In the complex world of municipal bonds, there exists a niche market that is gaining traction among investors – charter school municipal bonds. According to Dan Close, the head of municipals at Nuveen, charter schools represent a small but promising sector within the education muni bond landscape. With increasing demand for these schools, there is a projected strong supply of charter school municipal bonds in the market. Close points out that investors in the highest tax bracket can benefit from a tax-equivalent yield of nearly 8% from these bonds, making them an attractive investment option.
Charter school bonds are typically used to fund construction, renovation, or the purchase of school facilities. One key advantage of these bonds is that the interest is exempt from federal tax, and in some cases, they are also free from state taxes. Despite charter schools not being a new concept, there has been a noticeable uptick in demand due to the COVID-19 pandemic and favorable legislation in support of school choice in various states. As of now, there are approximately 8,000 charter schools in the United States serving 3.7 million students, with an increasing number of students opting for charter schools over traditional K-12 public schools.

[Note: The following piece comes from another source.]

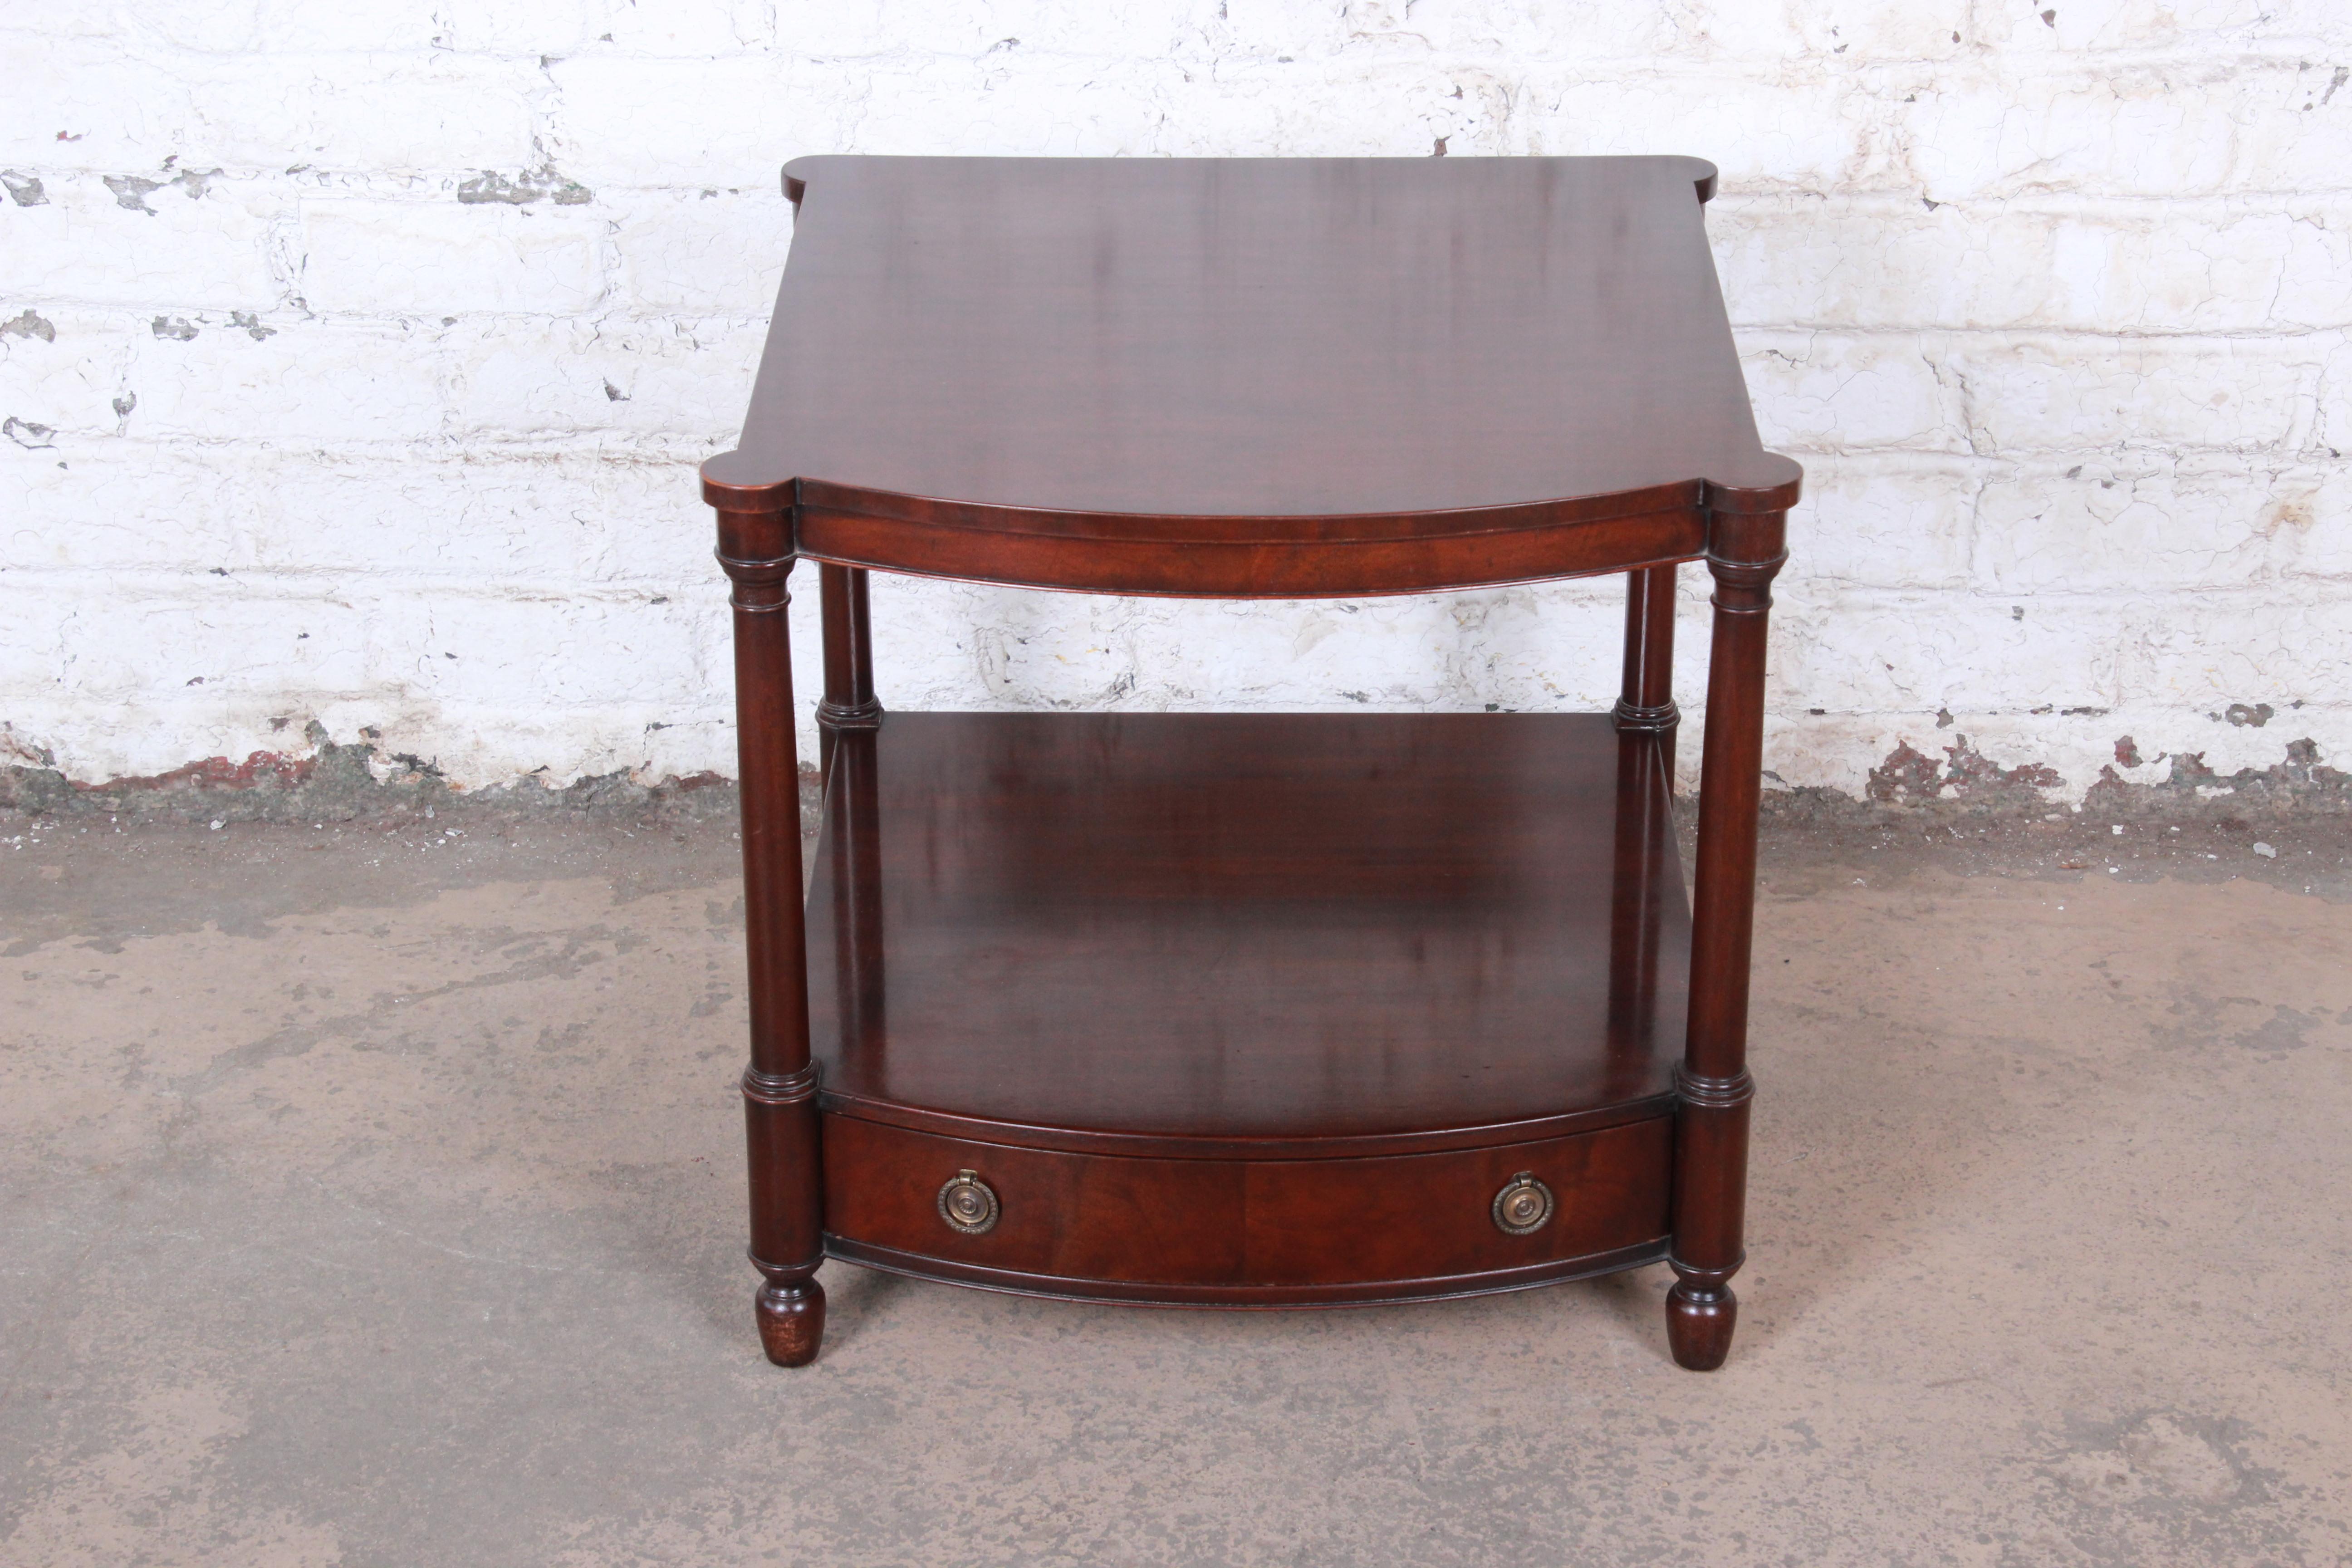 British Colonial Baker Furniture Mahogany Occasional Table or Nightstand, circa 1950s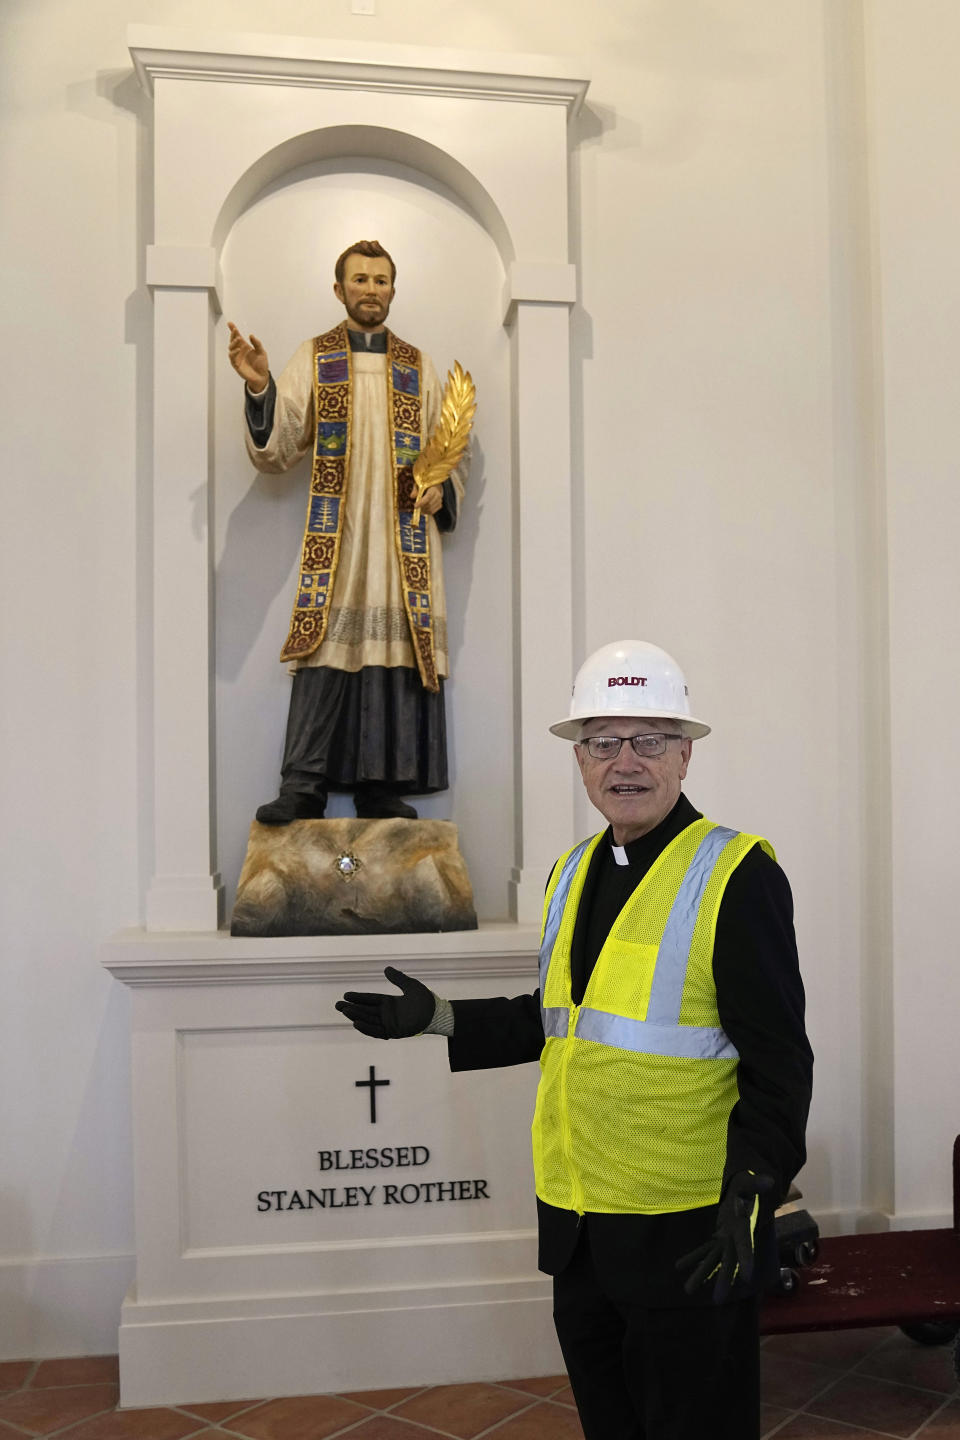 Rev. Don Wolf, a cousin of the Blessed Stanley Rother, stands by a statue of Rother in a chapel at the Blessed Stanley Rother Shrine, Thursday, Feb. 2, 2023, in Oklahoma City. Wolf will serve as the shrine's first rector. (AP Photo/Sue Ogrocki)

Within the broader $580 billion K-12 education muni bond sector, charter schools make up a substantial portion, amounting to about $33 billion. While issuance faced a decline in recent years due to rising interest rates, there is a positive outlook for 2025, with an anticipated $4 billion to $5 billion in new issuance. Close highlights the unique risk-reward profile of charter school bonds, noting that while they carry a higher risk due to the inability to levy dedicated taxes, they offer a significantly higher yield compared to traditional K-12 education munis.
Unlike traditional K-12 education munis that are typically investment grade with ratings of AAA and AA, most charter school municipal bonds are not rated. This is primarily because many charter schools are still in their early operating stages, making it unlikely for them to receive favorable ratings from agencies. As a result, a significant portion of charter school bonds fall below investment grade, with some considered high yield. However, investors are drawn to these bonds due to the potential for credit improvement as the schools expand and enhance their facilities.
While the allure of higher yields may be tempting, investors are advised to conduct thorough research before diving into charter school municipal bonds. Nuveen employs four charter school analysts to assess the viability of schools for long-term success. Factors such as the school’s location, academic performance, unique curriculum, financial management, and legal provisions are crucial in determining the potential success of a charter school. Some of the names held in Nuveen’s High Yield Municipal Bond Fund include The Academy Charter School in Hempstead, New York; Norton Science and Language Academy in San Bernardino, California; and Community of Peace Academy in St. Paul, Minnesota.
As the landscape of education financing evolves, charter school municipal bonds present a compelling investment opportunity for discerning investors. With the potential for attractive yields, tax advantages, and the opportunity to support the growth and development of charter schools, these bonds offer a unique avenue for portfolio diversification. However, it is essential for investors to conduct thorough due diligence and engage with experienced analysts to navigate the complexities of this specialized sector. By carefully evaluating the risk-reward profile and identifying promising charter schools, investors can capitalize on the growing market for charter school municipal bonds.